§ **DATA TO PROCESS**:
= = =
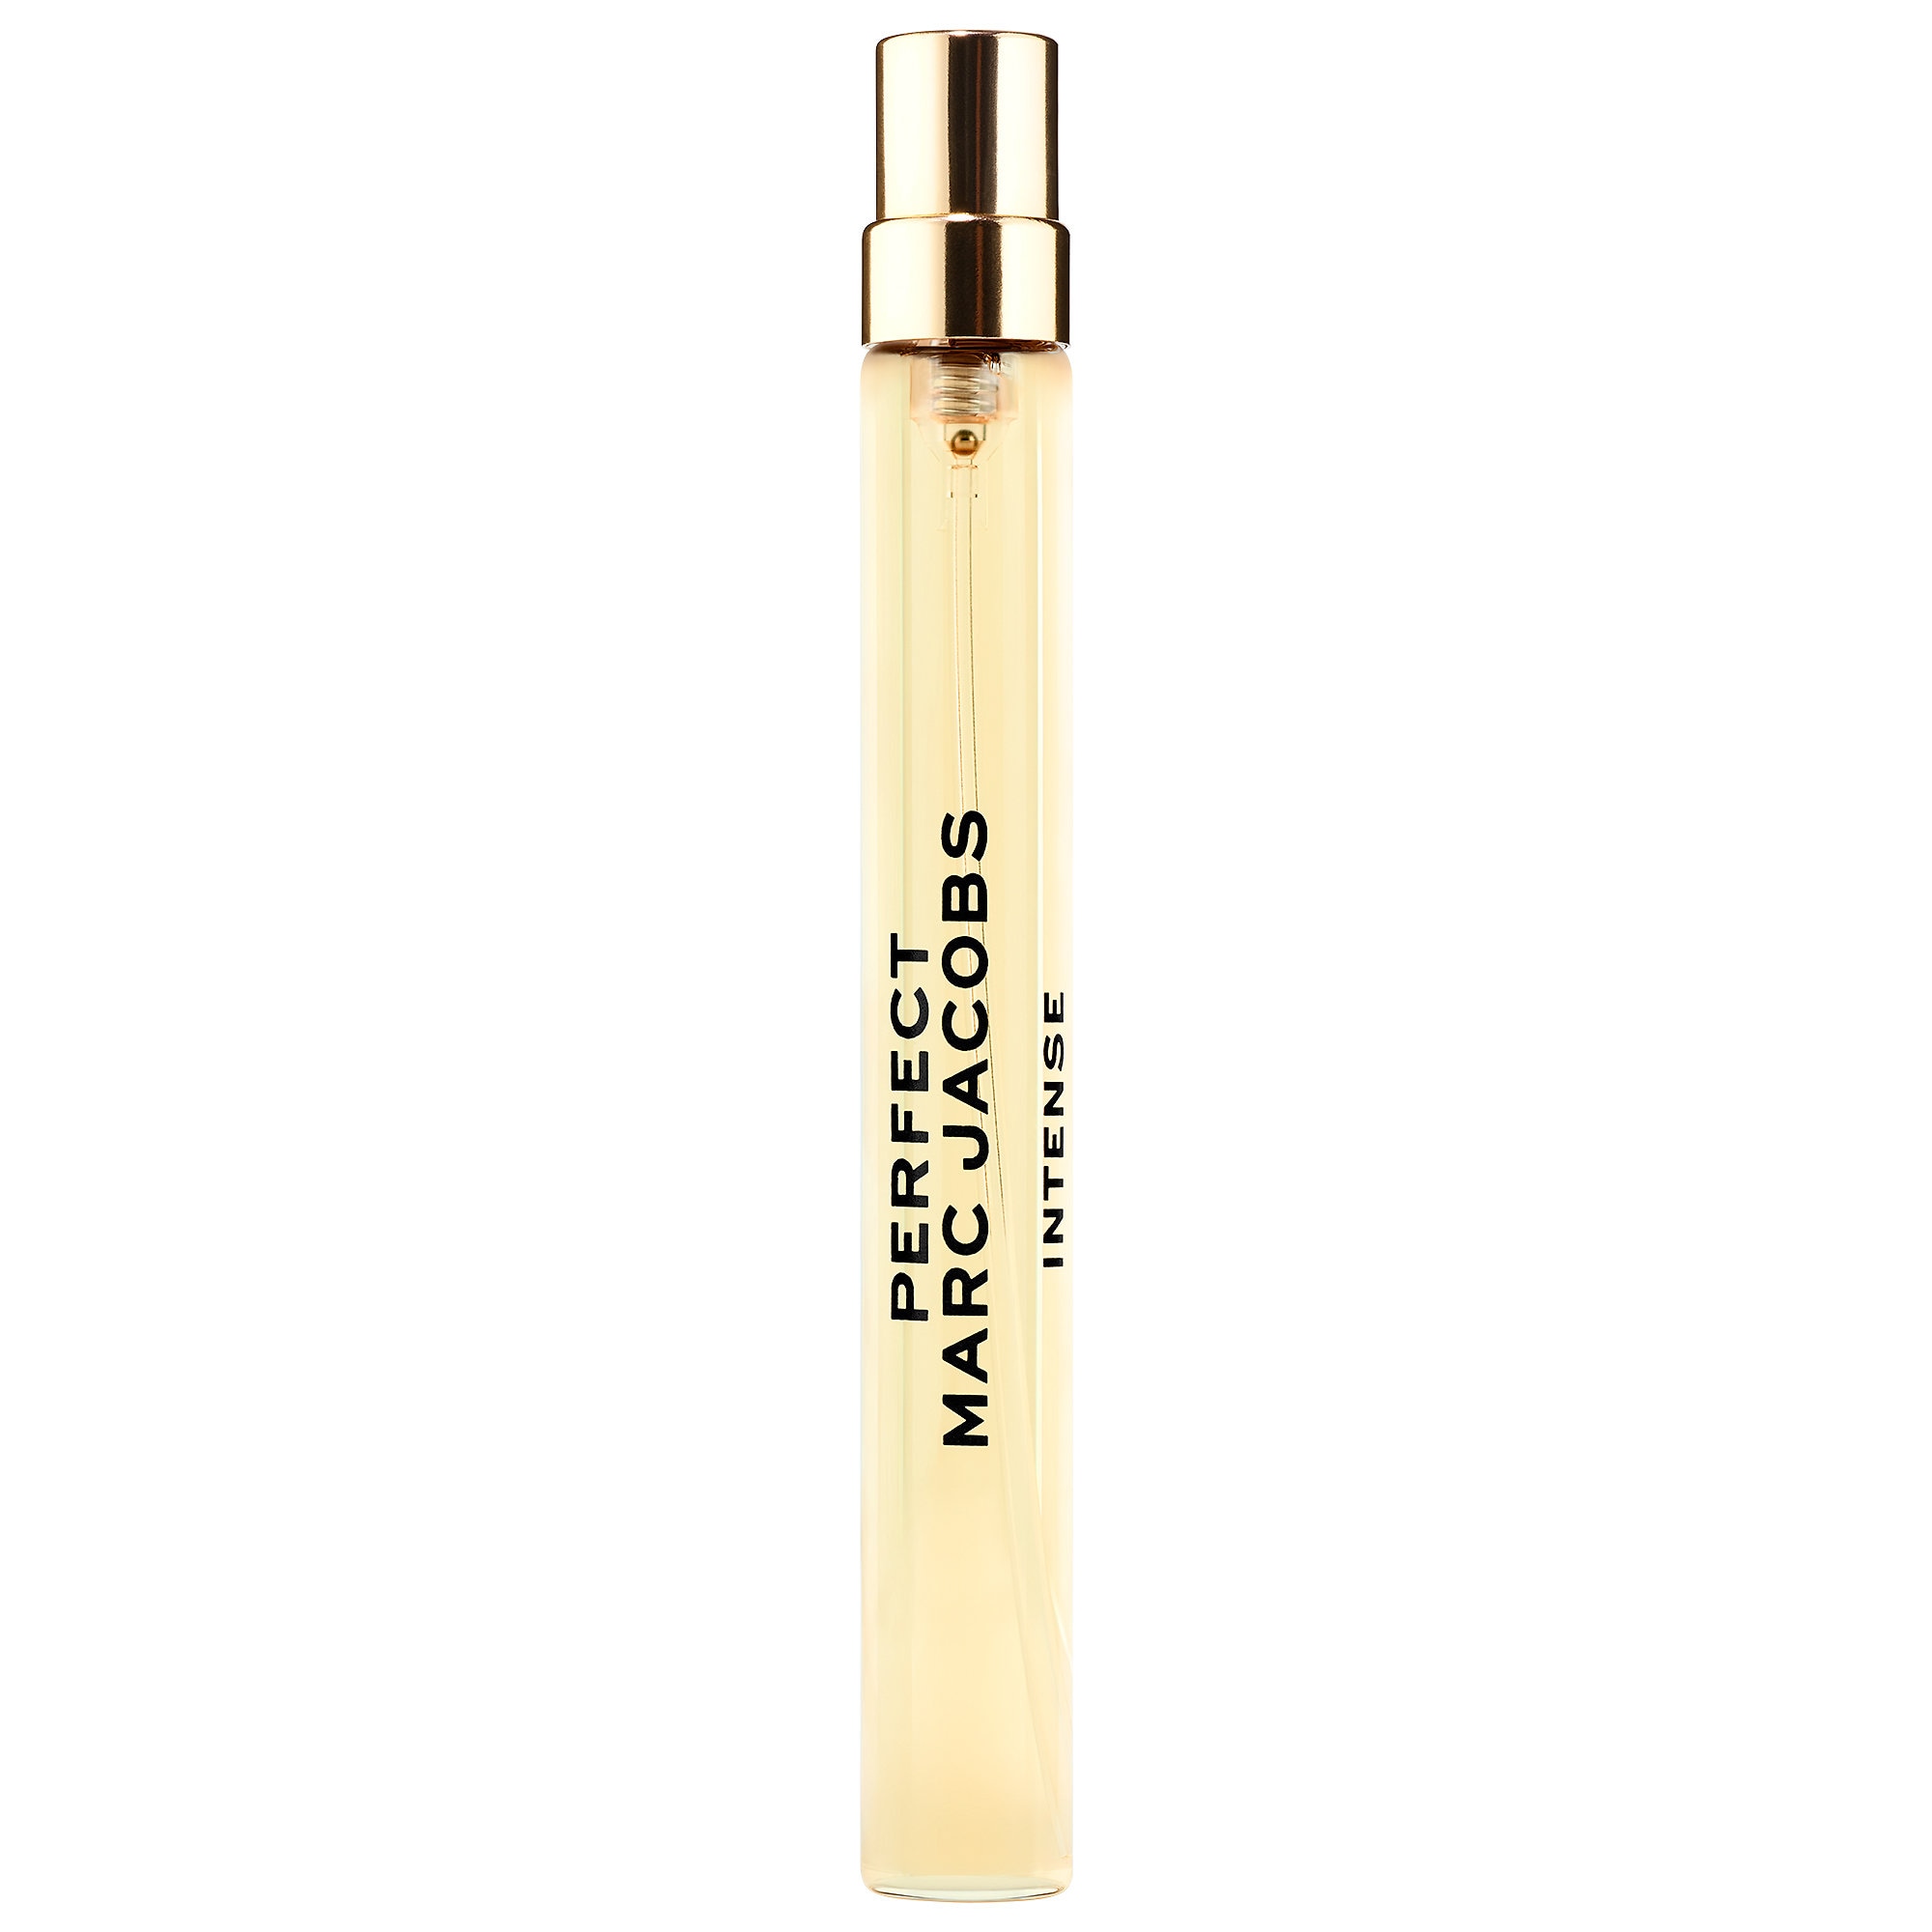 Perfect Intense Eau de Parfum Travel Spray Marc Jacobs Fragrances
= = =
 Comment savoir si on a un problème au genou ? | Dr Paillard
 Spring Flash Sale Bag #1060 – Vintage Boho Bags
= = =
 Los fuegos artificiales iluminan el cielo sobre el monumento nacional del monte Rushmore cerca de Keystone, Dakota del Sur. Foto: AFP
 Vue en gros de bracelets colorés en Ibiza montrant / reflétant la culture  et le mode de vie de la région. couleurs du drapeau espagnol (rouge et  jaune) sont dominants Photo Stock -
= = =
§ **INSTRUCTIONS FOR THE TASK**:
Using the listing above, return word for word each line from the one that has "Los fuegos artificiales" through the one that has "Vue en gros", and no line outside that range.

§ **RESULT OF THE TASK**:
 Los fuegos artificiales iluminan el cielo sobre el monumento nacional del monte Rushmore cerca de Keystone, Dakota del Sur. Foto: AFP
 Vue en gros de bracelets colorés en Ibiza montrant / reflétant la culture  et le mode de vie de la région. couleurs du drapeau espagnol (rouge et  jaune) sont dominants Photo Stock -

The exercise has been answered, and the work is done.